=== Exercise objective ===
In the records below, the lines from the one with "A Dry White Season poster" through the last are to be printed exactly, and nothing else.

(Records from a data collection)
+ + + + + + +
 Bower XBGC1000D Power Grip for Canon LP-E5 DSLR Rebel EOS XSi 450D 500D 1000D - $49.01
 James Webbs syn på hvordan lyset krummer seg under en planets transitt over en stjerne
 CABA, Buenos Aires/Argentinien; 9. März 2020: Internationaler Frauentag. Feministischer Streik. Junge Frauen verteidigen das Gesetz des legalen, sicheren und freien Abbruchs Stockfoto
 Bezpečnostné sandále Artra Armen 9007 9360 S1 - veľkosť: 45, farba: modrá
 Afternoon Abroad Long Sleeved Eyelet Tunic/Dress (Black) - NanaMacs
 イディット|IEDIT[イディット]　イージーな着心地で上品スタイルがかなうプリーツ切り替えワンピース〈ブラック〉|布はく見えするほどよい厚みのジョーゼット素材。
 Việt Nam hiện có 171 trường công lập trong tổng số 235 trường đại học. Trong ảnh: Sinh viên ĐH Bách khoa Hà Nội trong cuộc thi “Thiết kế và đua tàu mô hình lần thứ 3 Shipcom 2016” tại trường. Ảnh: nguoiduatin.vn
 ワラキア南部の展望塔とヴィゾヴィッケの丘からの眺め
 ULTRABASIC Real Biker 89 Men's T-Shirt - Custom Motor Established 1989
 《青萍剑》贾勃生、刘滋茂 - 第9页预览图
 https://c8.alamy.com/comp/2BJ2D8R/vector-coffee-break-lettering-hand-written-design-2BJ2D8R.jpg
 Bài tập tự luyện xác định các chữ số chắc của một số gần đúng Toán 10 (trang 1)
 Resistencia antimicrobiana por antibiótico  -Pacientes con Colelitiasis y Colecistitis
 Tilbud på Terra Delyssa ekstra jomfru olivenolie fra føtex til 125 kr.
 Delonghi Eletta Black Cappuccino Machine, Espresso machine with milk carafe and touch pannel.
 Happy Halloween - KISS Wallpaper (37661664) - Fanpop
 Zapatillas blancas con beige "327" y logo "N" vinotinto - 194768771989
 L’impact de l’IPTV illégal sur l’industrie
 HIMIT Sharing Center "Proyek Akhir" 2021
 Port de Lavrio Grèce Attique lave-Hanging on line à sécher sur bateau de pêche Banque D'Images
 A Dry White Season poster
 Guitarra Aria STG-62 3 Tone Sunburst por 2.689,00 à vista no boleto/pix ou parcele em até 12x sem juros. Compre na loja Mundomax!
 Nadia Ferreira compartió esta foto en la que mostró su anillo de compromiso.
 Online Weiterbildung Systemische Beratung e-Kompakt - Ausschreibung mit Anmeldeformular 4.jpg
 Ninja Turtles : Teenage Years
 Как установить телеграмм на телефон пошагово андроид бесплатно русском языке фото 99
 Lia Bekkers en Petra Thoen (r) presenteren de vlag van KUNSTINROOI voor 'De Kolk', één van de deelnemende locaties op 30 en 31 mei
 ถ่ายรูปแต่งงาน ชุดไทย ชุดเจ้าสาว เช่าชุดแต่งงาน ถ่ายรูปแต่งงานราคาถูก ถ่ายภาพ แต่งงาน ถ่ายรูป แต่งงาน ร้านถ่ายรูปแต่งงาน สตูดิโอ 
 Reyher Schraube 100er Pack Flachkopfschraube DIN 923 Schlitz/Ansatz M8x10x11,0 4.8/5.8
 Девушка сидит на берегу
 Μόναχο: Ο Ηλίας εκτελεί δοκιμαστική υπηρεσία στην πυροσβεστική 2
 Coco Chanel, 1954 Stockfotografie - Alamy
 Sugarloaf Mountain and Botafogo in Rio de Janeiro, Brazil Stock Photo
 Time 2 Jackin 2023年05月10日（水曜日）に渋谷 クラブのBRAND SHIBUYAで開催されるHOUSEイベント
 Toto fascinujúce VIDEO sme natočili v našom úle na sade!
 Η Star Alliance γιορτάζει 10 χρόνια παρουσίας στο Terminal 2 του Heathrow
+ + + + + + +
=== Solution for this task ===
 A Dry White Season poster
 Guitarra Aria STG-62 3 Tone Sunburst por 2.689,00 à vista no boleto/pix ou parcele em até 12x sem juros. Compre na loja Mundomax!
 Nadia Ferreira compartió esta foto en la que mostró su anillo de compromiso.
 Online Weiterbildung Systemische Beratung e-Kompakt - Ausschreibung mit Anmeldeformular 4.jpg
 Ninja Turtles : Teenage Years
 Как установить телеграмм на телефон пошагово андроид бесплатно русском языке фото 99
 Lia Bekkers en Petra Thoen (r) presenteren de vlag van KUNSTINROOI voor 'De Kolk', één van de deelnemende locaties op 30 en 31 mei
 ถ่ายรูปแต่งงาน ชุดไทย ชุดเจ้าสาว เช่าชุดแต่งงาน ถ่ายรูปแต่งงานราคาถูก ถ่ายภาพ แต่งงาน ถ่ายรูป แต่งงาน ร้านถ่ายรูปแต่งงาน สตูดิโอ 
 Reyher Schraube 100er Pack Flachkopfschraube DIN 923 Schlitz/Ansatz M8x10x11,0 4.8/5.8
 Девушка сидит на берегу
 Μόναχο: Ο Ηλίας εκτελεί δοκιμαστική υπηρεσία στην πυροσβεστική 2
 Coco Chanel, 1954 Stockfotografie - Alamy
 Sugarloaf Mountain and Botafogo in Rio de Janeiro, Brazil Stock Photo
 Time 2 Jackin 2023年05月10日（水曜日）に渋谷 クラブのBRAND SHIBUYAで開催されるHOUSEイベント
 Toto fascinujúce VIDEO sme natočili v našom úle na sade!
 Η Star Alliance γιορτάζει 10 χρόνια παρουσίας στο Terminal 2 του Heathrow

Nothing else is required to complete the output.